Она не слышала звука другого автомобиля или моторки, и это означало, что кто бы ни был на веранде, он пришел пешком. Только сдающийся дом был на расстоянии, которое реально можно было преодолеть пешком. Это значило, что это скорее чужак, чем член какой-то из семей, с которыми они встречались здесь каждое лето.

Она с досадой подумала, что позволила воображению поработить себя, но не могла контролировать ни свое частое, поверхностное дыхание, ни сильное сердцебиение. Все, что она могла делать, — стоять тут, в спальне, как маленький зверек, парализованный приближением хищника.

Входная дверь была открыта. Там была еще одна сетчатая дверка, но она не была заперта. Ничто не помешает ему (кем бы он ни был) просто взять и войти.

Если ей грозит опасность, то она в ловушке. У нее нет никакого оружия, разве что кухонный нож, но она не могла добраться до кухни незамеченной. Она бросила отчаянный взгляд на окно. Есть ли шанс неслышно открыть его и выбраться наружу? И понимала, что из-за тишины в доме, это шанс не очень велик.

Снова раздался сильный сдвоенный стук. По крайней мере, он все еще был на веранде.

Наверное, она сумасшедшая. С чего она взяла, что это мужчина? Из-за тяжести шагов? Может быть, это просто крупная женщина.

Нет! Это был мужчина. Она была уверенна в этом. Даже стук звучал по-мужски, слишком сильно для женской, более мягкой, руки.

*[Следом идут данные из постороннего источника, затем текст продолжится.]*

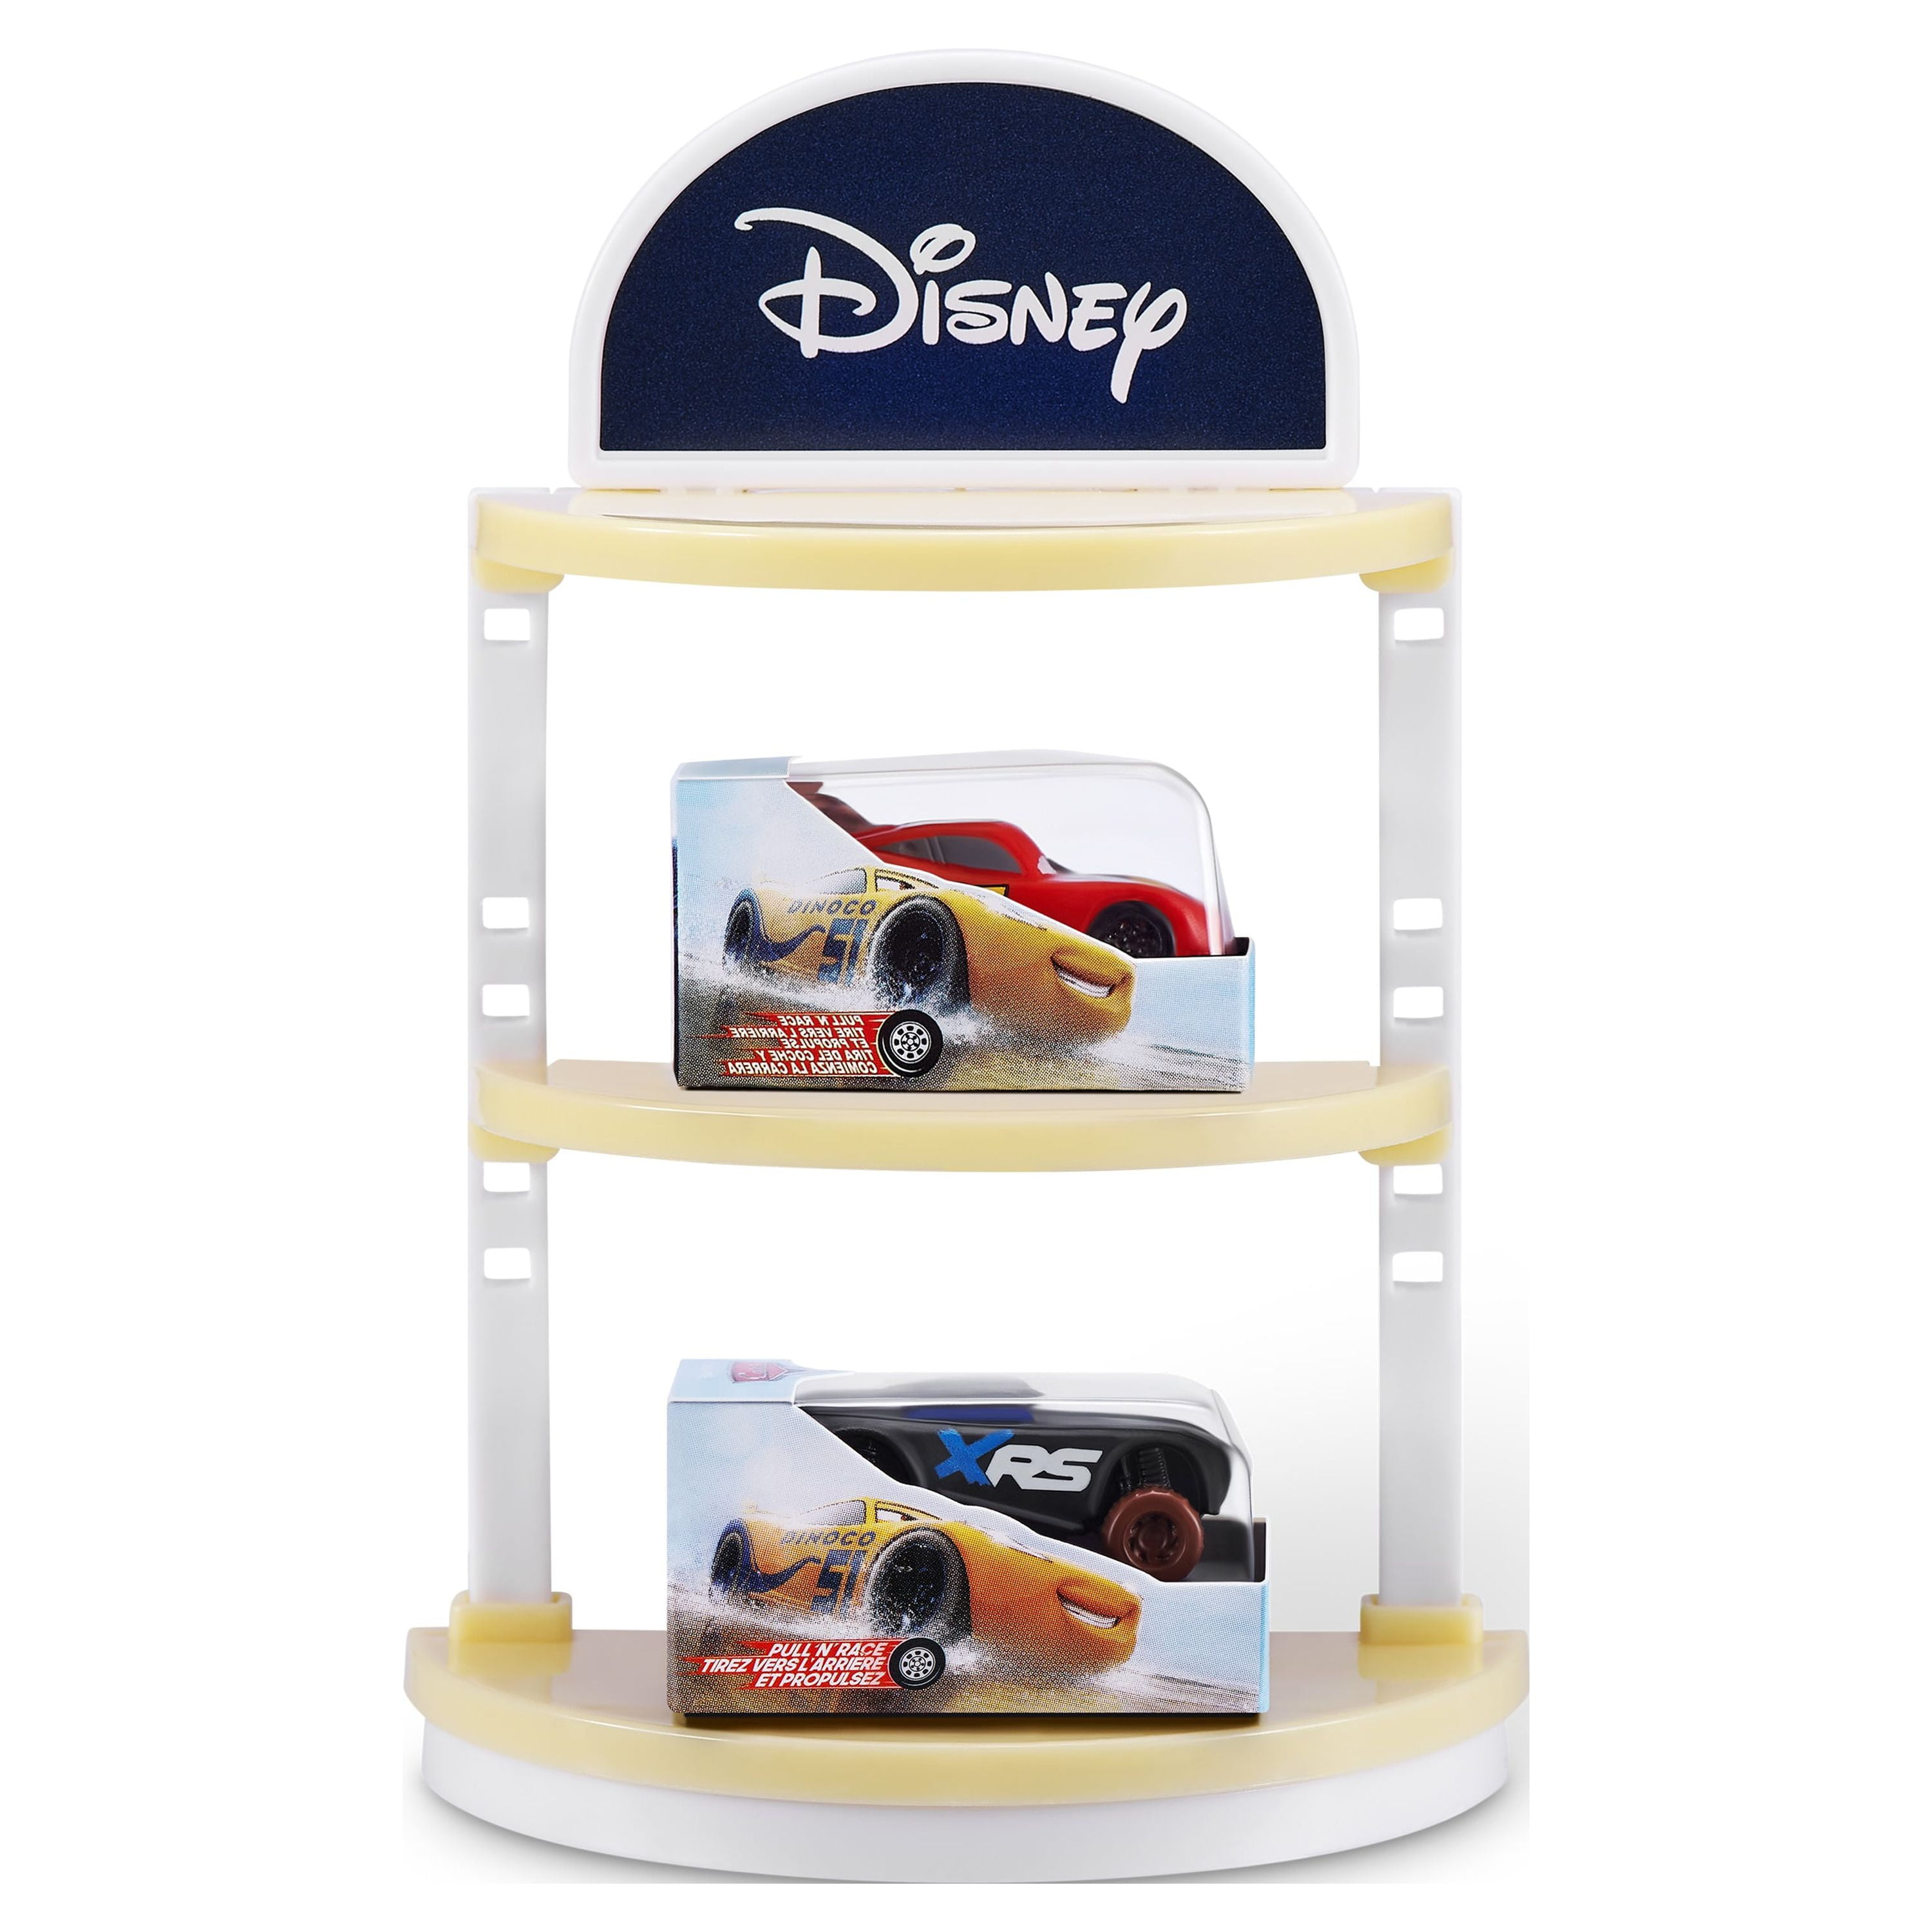 5 Surprise-Disney Store Mini Brands-Series 2 - 77353GQ2
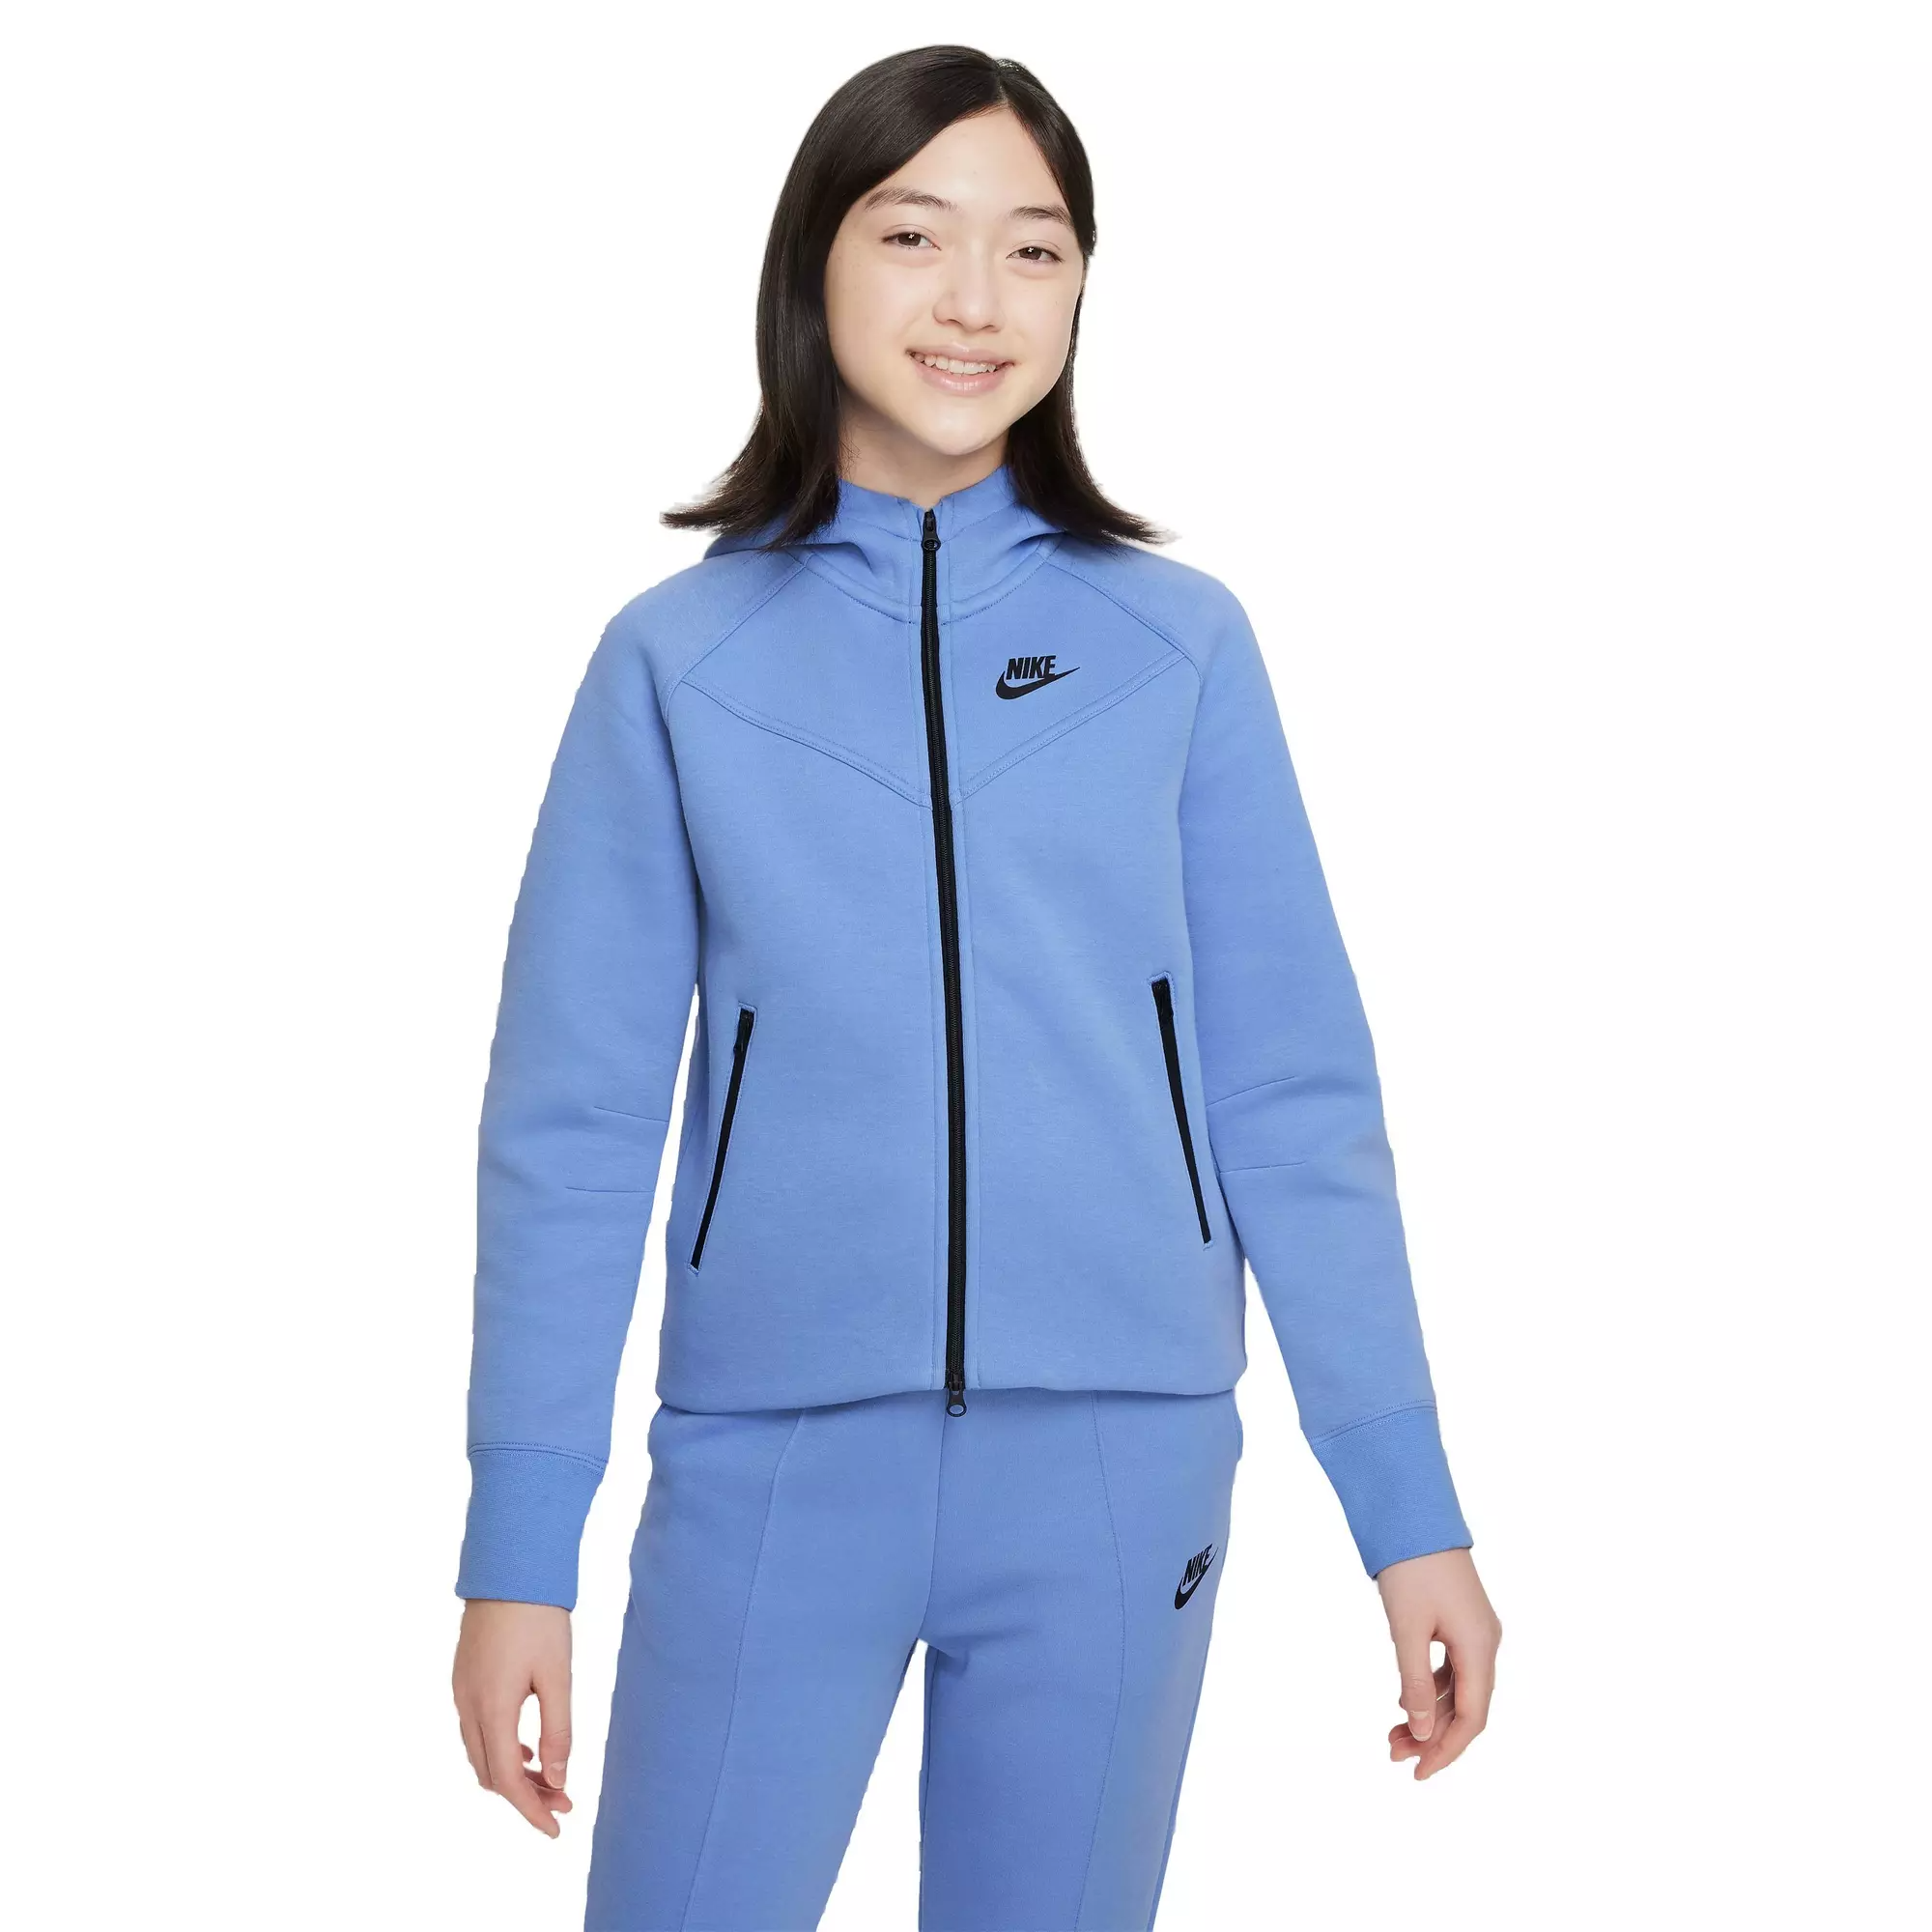 Adidas girl tech fleece hoodie/leggings outfit set Blue size M (10-12) NWT

— Привет?! Есть кто-нибудь дома?

Теа вздрогнула, когда низкий голос прокатился по всему дому и пронизал ее до самых костей. Это определенно был голос мужчины, и он казался странно знакомым, не смотря на то, что она знала — она никогда не слышала его прежде.

Боже мой! — вдруг подумала она, испытывая к себе отвращение. Что с ней не так? Если бы мужчина на веранде намеревался причинить ей какой-то вред, то какой прок в том, что она съежилась здесь, в спальне? И, кроме того, преступник просто открыл бы дверь и уже был бы здесь. Вероятно, это просто хороший человек, который вышел прогуляться и увидел, что прибыл новый сосед. Может быть, он вообще ее не видел, а только заметил подъезжающий автомобиль. Этими нелепыми подозрениями и этой паникой она делает из себя полную дуру.

Однако, логика смогла лишь незначительно успокоить ее страхи. Потребовалось немало самообладания, чтобы расправить плечи и успокоить дыхание, и еще больше, чтобы вынудить ноги двинуться к двери спальни. Все еще невидимая для него, она остановилась еще раз, чтобы собрать все свое мужество. И вот она вышла из спальни в гостиную, под взгляд мужчины на веранде.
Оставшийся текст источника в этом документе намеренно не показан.